Wed Mar 14 23:55:01 UTC 2018

Hi Jim,

Some comments (really, mainly just quibbles) about string trimming. First,

* String.trim trims characters <= \u0020 from each end of a string. I agree that 
String.trim should be preserved unchanged for compatibility purposes.

* The trimLeft, trimRight, and trimWhitespace (which trims both ends) methods 
make sense.

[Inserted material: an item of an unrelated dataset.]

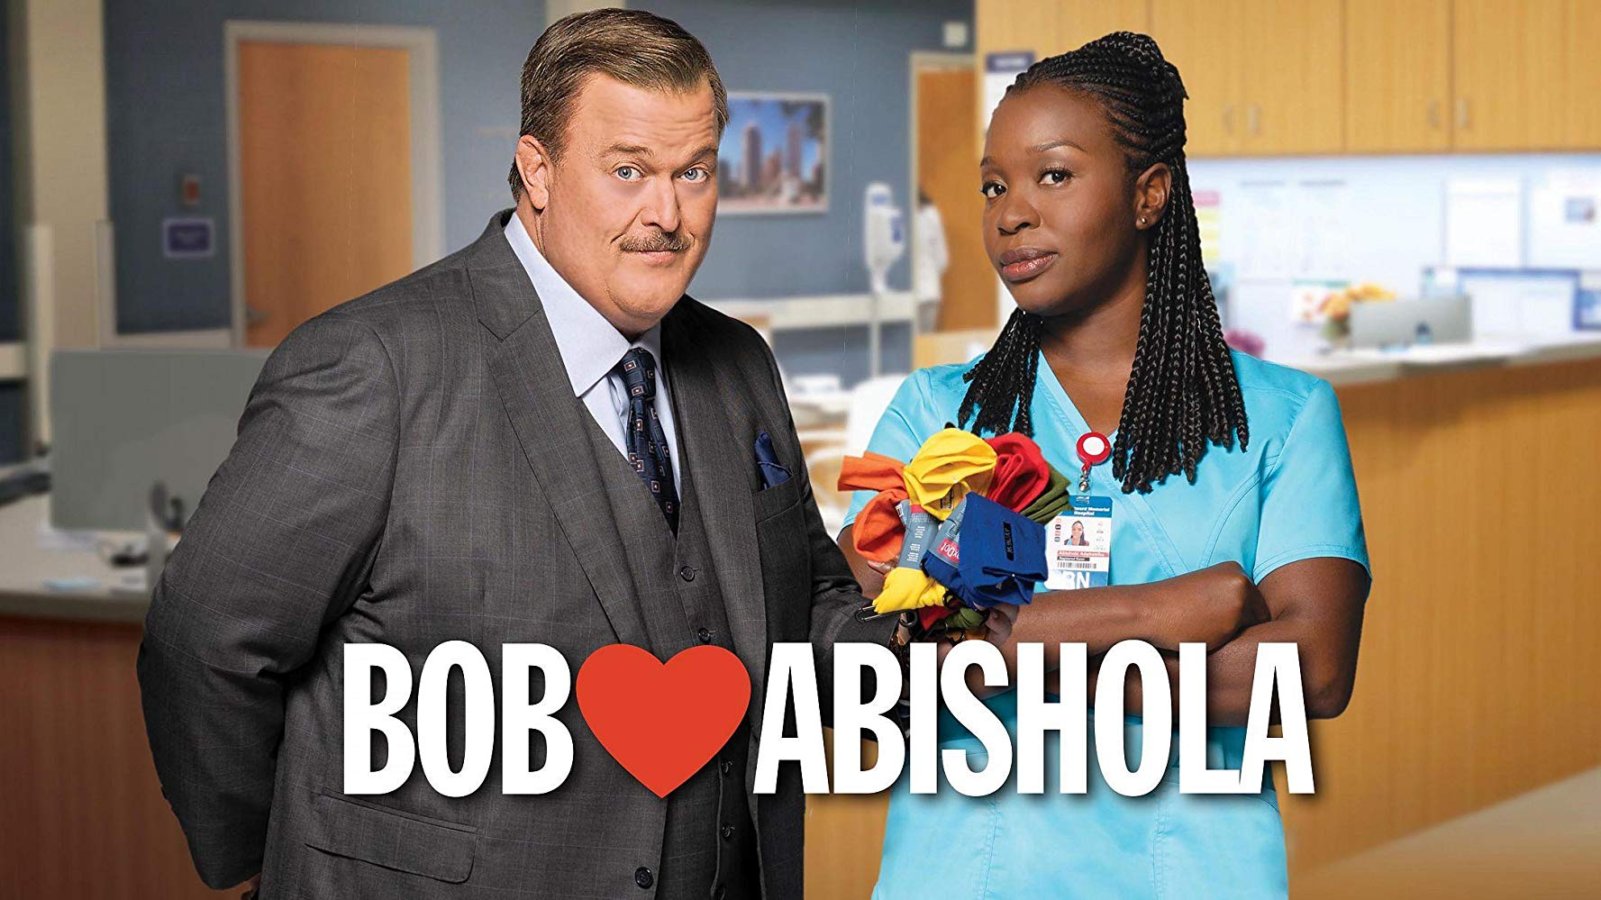 Serie Tv Bob Hearts Abishola dalla 2° alla 3° stagione

These three should all use the same definition of whitespace.

* My issue concerns what definition of whitespace they use.

What you outlined in the quoted section below doesn't line up with the 
definitions in the API spec.

The existing methods Character.isSpaceChar(codepoint) and 
Character.isWhitespace(codepoint) are well-defined but somewhat different 
notions of whitespace.

**

The Character.isSpaceChar method returns true if the code point is a member of 
any of these categories:

     SPACE_SEPARATOR
     LINE_SEPARATOR
     PARAGRAPH_SEPARATOR

In JDK 10, which conforms to Unicode 8.0.0, the SPACE_SEPARATOR category 
includes the following characters:

     U+0020 SPACE
     U+00A0 NO-BREAK SPACE
     U+1680 OGHAM SPACE MARK
     U+2000 EN QUAD
     U+2001 EM QUAD
     U+2002 EN SPACE
     U+2003 EM SPACE
     U+2004 THREE-PER-EM SPACE
     U+2005 FOUR-PER-EM SPACE
     U+2006 SIX-PER-EM SPACE
     U+2007 FIGURE SPACE
     U+2008 PUNCTUATION SPACE
     U+2009 THIN SPACE
     U+200A HAIR SPACE
     U+202F NARROW NO-BREAK SPACE
     U+205F MEDIUM MATHEMATICAL SPACE
     U+3000 IDEOGRAPHIC SPACE

The LINE_SEPARATOR category contains this one character:

     U+2028 LINE SEPARATOR

And the PARAGRAPH_SEPARATOR category contains just this one character:

     U+2029 PARAGRAPH SEPARATOR

**

Meanwhile, the Character.isWhitespace method returns true if the code point is 
in one of these categories:

     SPACE_SEPARATOR, excluding
         U+00A0 NO-BREAK SPACE
         U+2007 FIGURE SPACE
         U+202F NARROW NO-BREAK SPACE
     LINE_SEPARATOR
     PARAGRAPH_SEPARATOR

or if it is one of these characters:

     U+0009 HORIZONTAL TABULATION.
     U+000A LINE FEED.
     U+000B VERTICAL TABULATION.
     U+000C FORM FEED.
     U+000D CARRIAGE RETURN.
     U+001C FILE SEPARATOR.
     U+001D GROUP SEPARATOR.
     U+001E RECORD SEPARATOR.
     U+001F UNIT SEPARATOR.

**

You mentioned several different definitions of whitespace:

  - trim's whitespace (TWS): chars <= U+0020
  - Character's whitespace (CWS): I'm not sure what you meant by this
  - union whitespace (UWS): union of TWS and CWS

I don't think we should be creating a new definition of whitespace, such as UWS, 
if at all possible. TWS is strange in that it contains a bunch of control 
characters that aren't necessarily whitespace, and it omits Unicode whitespace. 
Character.isSpaceChar includes various no-break spaces, which I don't think 
should be trimmed away, and it also omits various ASCII white space characters, 
which I think most programmers would find surprising.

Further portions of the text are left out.